## GIVEN INFORMATION
--------------------------------
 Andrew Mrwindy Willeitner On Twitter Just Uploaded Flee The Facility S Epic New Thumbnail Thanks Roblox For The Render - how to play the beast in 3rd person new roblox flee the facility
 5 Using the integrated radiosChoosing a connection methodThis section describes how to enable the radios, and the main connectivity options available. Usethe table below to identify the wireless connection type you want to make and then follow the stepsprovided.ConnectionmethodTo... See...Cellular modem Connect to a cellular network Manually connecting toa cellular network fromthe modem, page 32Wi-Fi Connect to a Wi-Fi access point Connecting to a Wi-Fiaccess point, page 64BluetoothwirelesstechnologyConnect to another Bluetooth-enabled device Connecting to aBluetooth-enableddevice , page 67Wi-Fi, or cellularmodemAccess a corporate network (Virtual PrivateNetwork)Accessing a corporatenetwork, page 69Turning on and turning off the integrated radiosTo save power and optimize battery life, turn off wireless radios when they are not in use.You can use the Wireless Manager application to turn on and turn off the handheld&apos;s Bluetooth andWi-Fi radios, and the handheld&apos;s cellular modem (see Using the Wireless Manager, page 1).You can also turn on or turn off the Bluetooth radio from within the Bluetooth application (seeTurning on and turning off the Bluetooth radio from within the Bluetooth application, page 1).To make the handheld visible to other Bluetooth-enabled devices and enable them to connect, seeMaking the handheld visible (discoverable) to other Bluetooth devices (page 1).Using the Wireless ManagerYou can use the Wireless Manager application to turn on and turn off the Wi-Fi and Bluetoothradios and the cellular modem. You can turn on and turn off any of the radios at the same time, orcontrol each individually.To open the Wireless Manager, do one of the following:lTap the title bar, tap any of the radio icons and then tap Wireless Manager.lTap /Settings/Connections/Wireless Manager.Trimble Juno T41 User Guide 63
--------------------------------
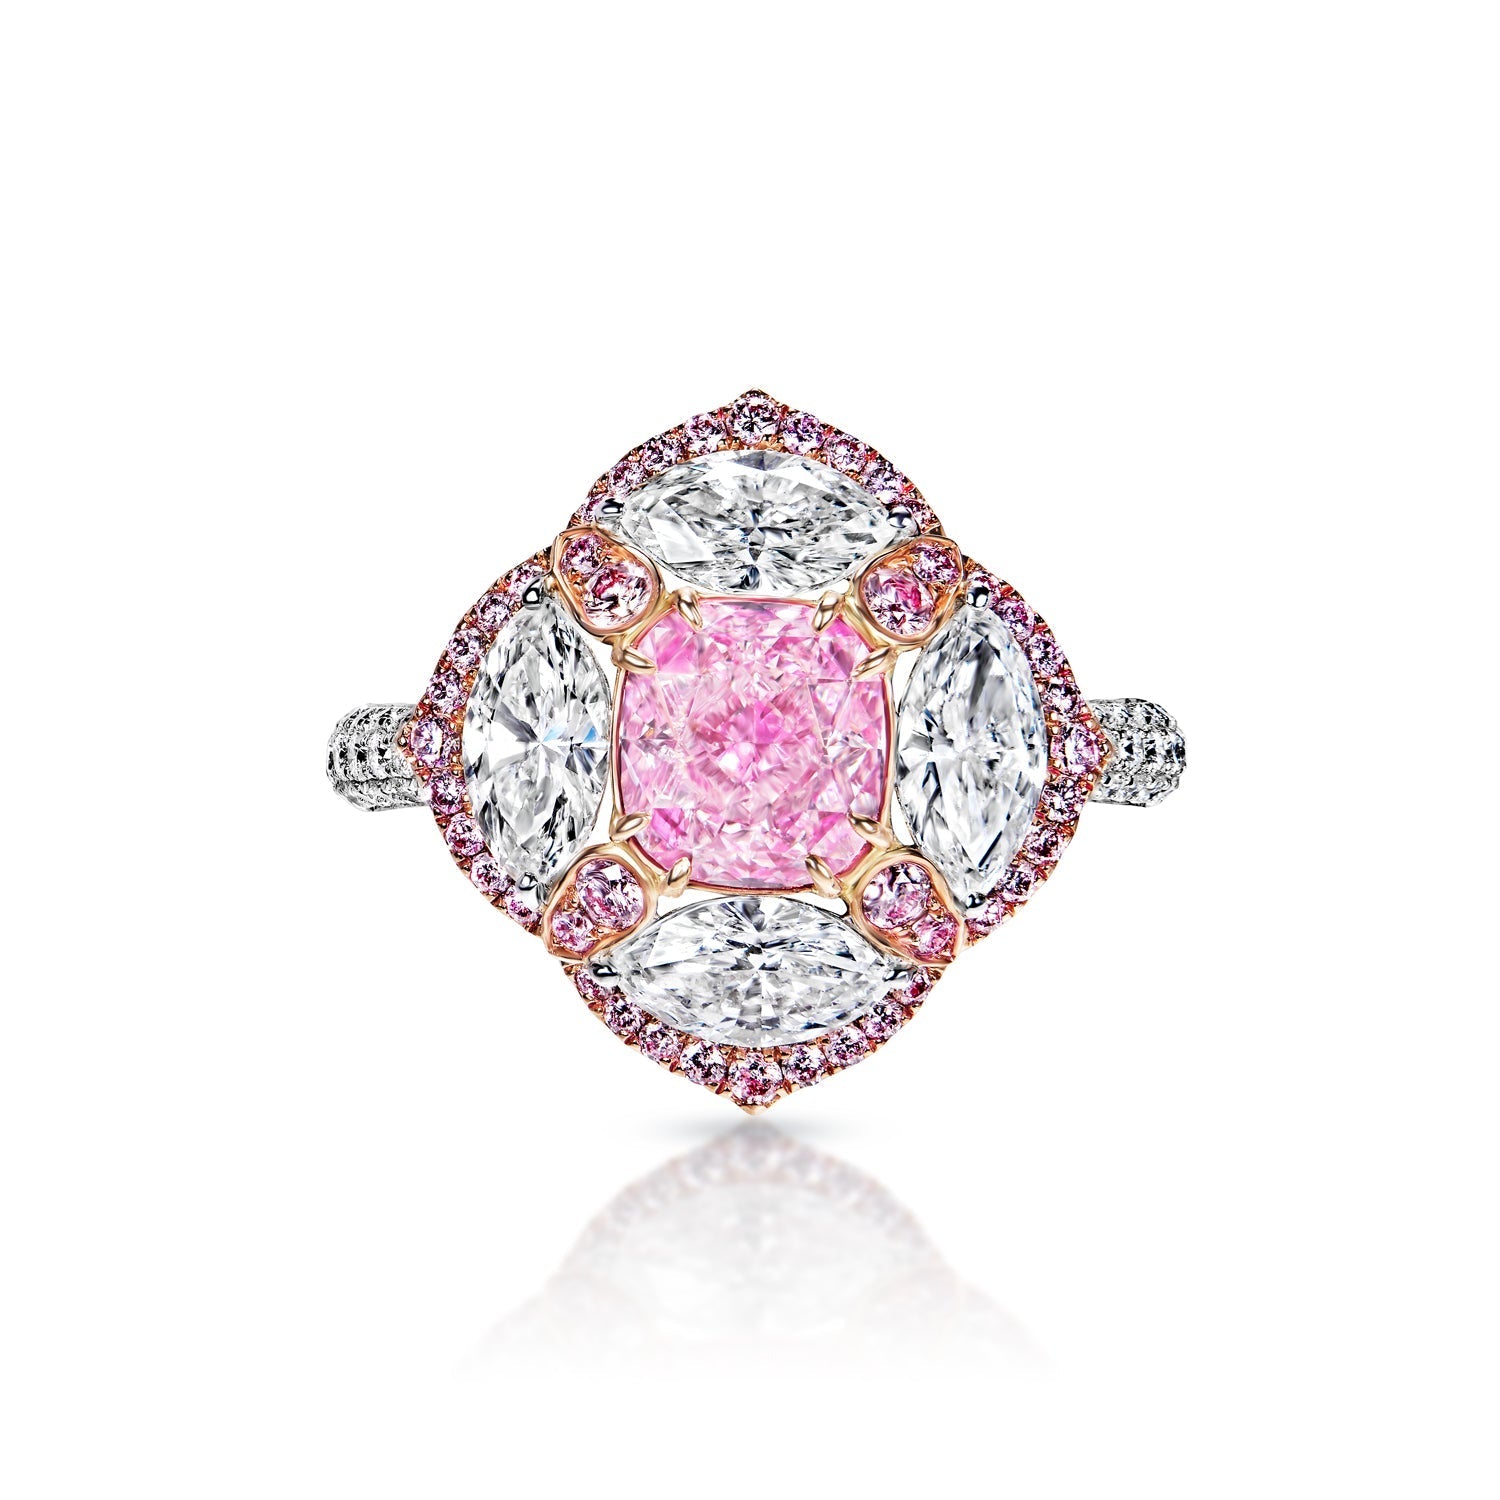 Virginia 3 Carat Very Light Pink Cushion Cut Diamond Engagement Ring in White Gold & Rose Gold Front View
--------------------------------
## PROBLEM DETAILS
Your task is to restate, word for word, only those lines above that fall between the line holding "Andrew Mrwindy Willeitner" and the line holding "5 Using the", inclusive.

## ANSWER TO THIS PROBLEM
 Andrew Mrwindy Willeitner On Twitter Just Uploaded Flee The Facility S Epic New Thumbnail Thanks Roblox For The Render - how to play the beast in 3rd person new roblox flee the facility
 5 Using the integrated radiosChoosing a connection methodThis section describes how to enable the radios, and the main connectivity options available. Usethe table below to identify the wireless connection type you want to make and then follow the stepsprovided.ConnectionmethodTo... See...Cellular modem Connect to a cellular network Manually connecting toa cellular network fromthe modem, page 32Wi-Fi Connect to a Wi-Fi access point Connecting to a Wi-Fiaccess point, page 64BluetoothwirelesstechnologyConnect to another Bluetooth-enabled device Connecting to aBluetooth-enableddevice , page 67Wi-Fi, or cellularmodemAccess a corporate network (Virtual PrivateNetwork)Accessing a corporatenetwork, page 69Turning on and turning off the integrated radiosTo save power and optimize battery life, turn off wireless radios when they are not in use.You can use the Wireless Manager application to turn on and turn off the handheld&apos;s Bluetooth andWi-Fi radios, and the handheld&apos;s cellular modem (see Using the Wireless Manager, page 1).You can also turn on or turn off the Bluetooth radio from within the Bluetooth application (seeTurning on and turning off the Bluetooth radio from within the Bluetooth application, page 1).To make the handheld visible to other Bluetooth-enabled devices and enable them to connect, seeMaking the handheld visible (discoverable) to other Bluetooth devices (page 1).Using the Wireless ManagerYou can use the Wireless Manager application to turn on and turn off the Wi-Fi and Bluetoothradios and the cellular modem. You can turn on and turn off any of the radios at the same time, orcontrol each individually.To open the Wireless Manager, do one of the following:lTap the title bar, tap any of the radio icons and then tap Wireless Manager.lTap /Settings/Connections/Wireless Manager.Trimble Juno T41 User Guide 63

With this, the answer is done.